GEO results follow a different timeline than SEO. Schema markup and entity consistency improvements can influence AI citations within weeks, as AI platforms with real-time web access (Perplexity, ChatGPT with browsing) pick up changes relatively quickly. Improving your overall authority — through content depth, backlinks, and media coverage — takes the same 6-12 months it does for SEO. The platforms that rely on training data (rather than live search) may take longer to reflect changes. A reasonable expectation: initial improvements in 1-3 months, with compounding results over 6-12 months.
15 Question

Should I create content specifically for AI search or focus on Google?

Both — and the good news is they're largely the same thing. Content that ranks well in Google is the content that AI models cite most frequently. The overlap is significant: authoritative, well-structured, expert content wins in both contexts. The marginal GEO-specific work involves adding schema markup, ensuring entity consistency, formatting answers for extraction, and maintaining presence across the directories and publications that AI models reference most heavily. Think of GEO as an additional 10-15% layer on top of a solid SEO foundation — not a separate discipline.
16 Question

What is Perplexity and should my law firm care about it?

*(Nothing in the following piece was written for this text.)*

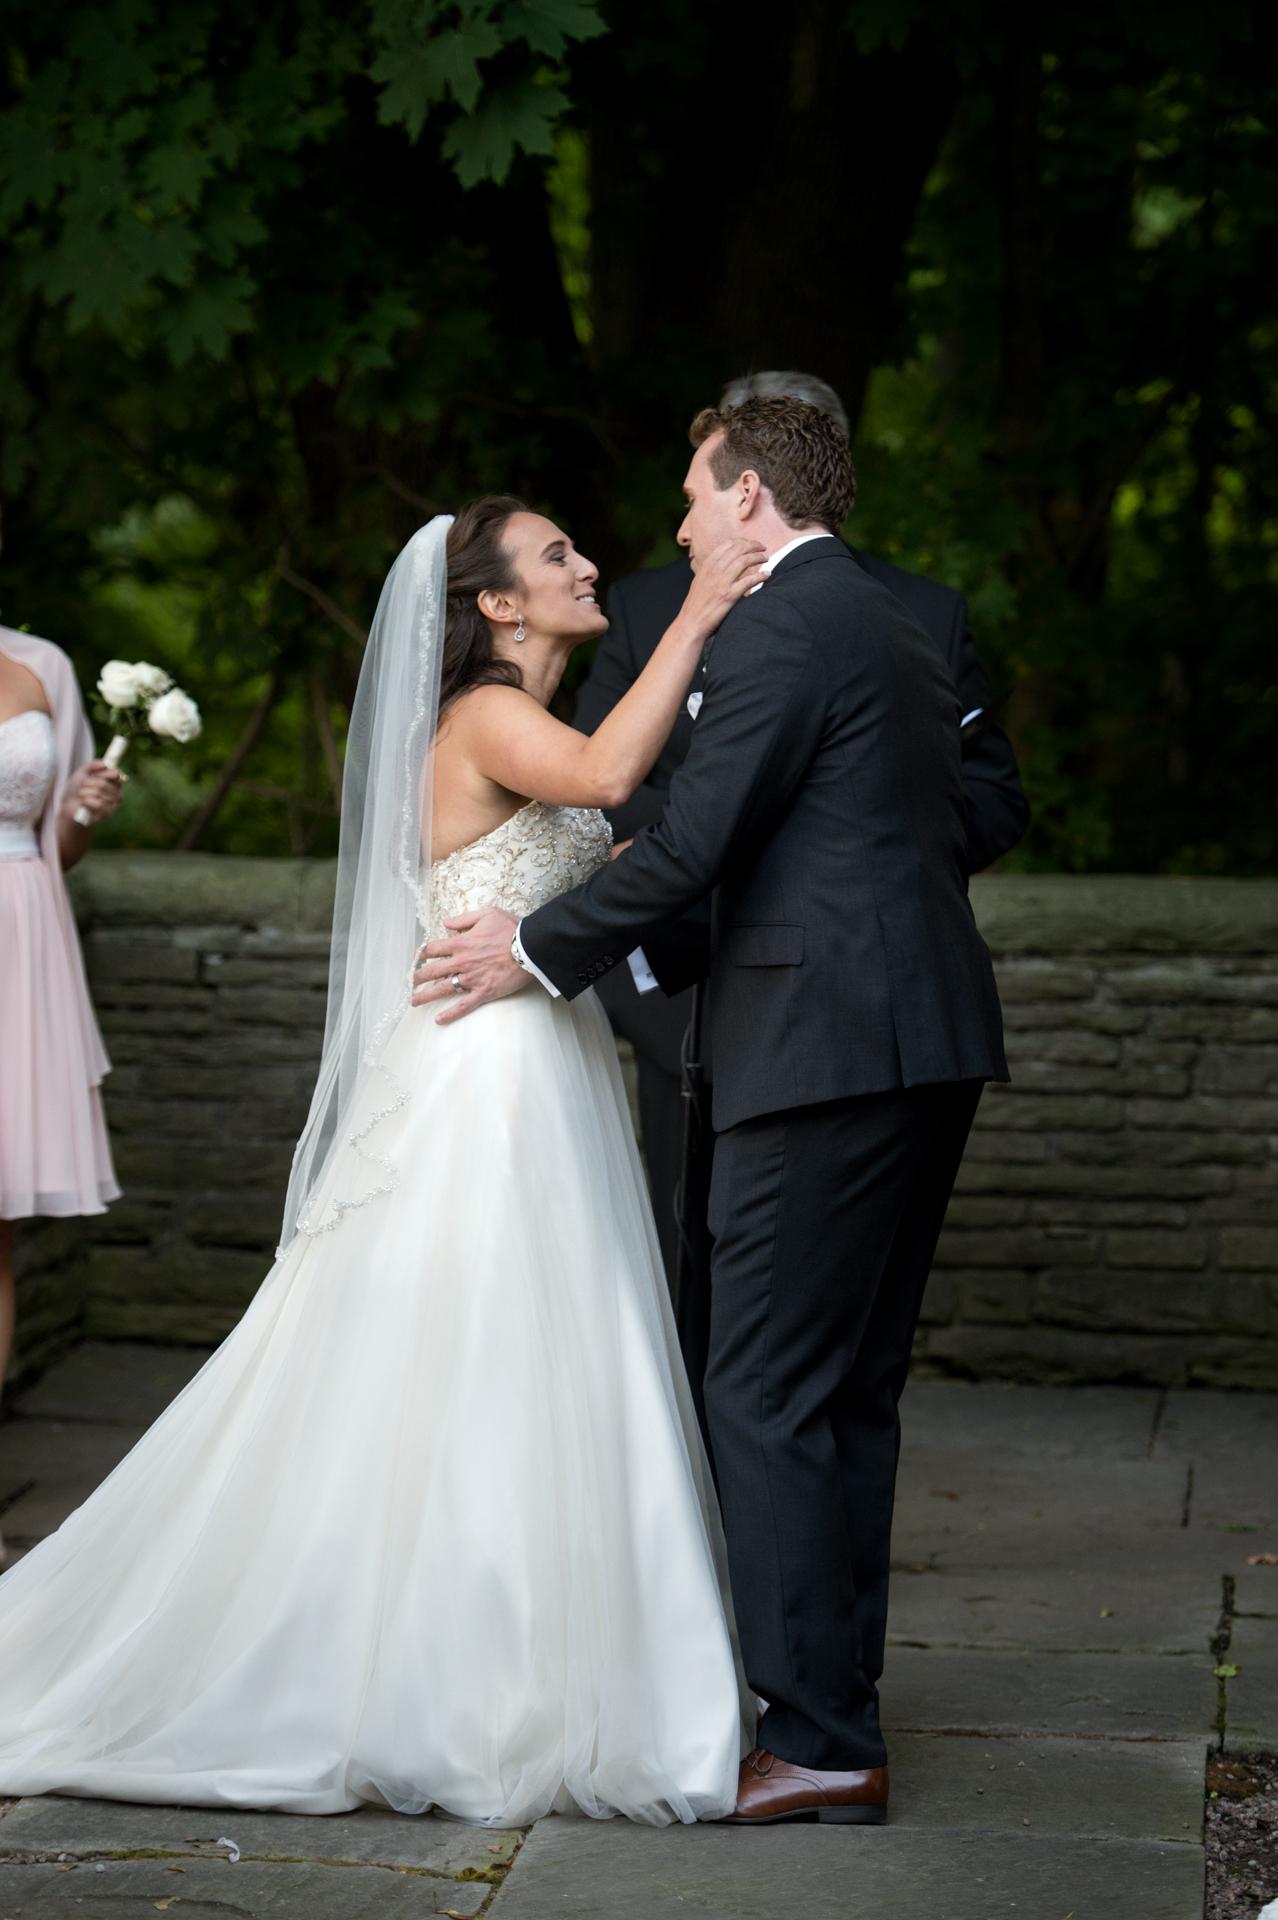 Shaun & Danielle | Sunnybrook Estates Wedding | Vaughn Estate Wedding23

Perplexity is an AI-powered search engine with over 45 million monthly active users that provides answer-style responses with cited sources — every response includes numbered references linking to specific webpages. For law firms, Perplexity is significant because it cites approximately 2.76 times more sources per response than ChatGPT, creating more opportunities for your firm to be referenced. UK usage has grown over 100% year-on-year. If your website contains comprehensive, well-structured content about your practice areas, Perplexity's real-time web search is likely to find and cite it.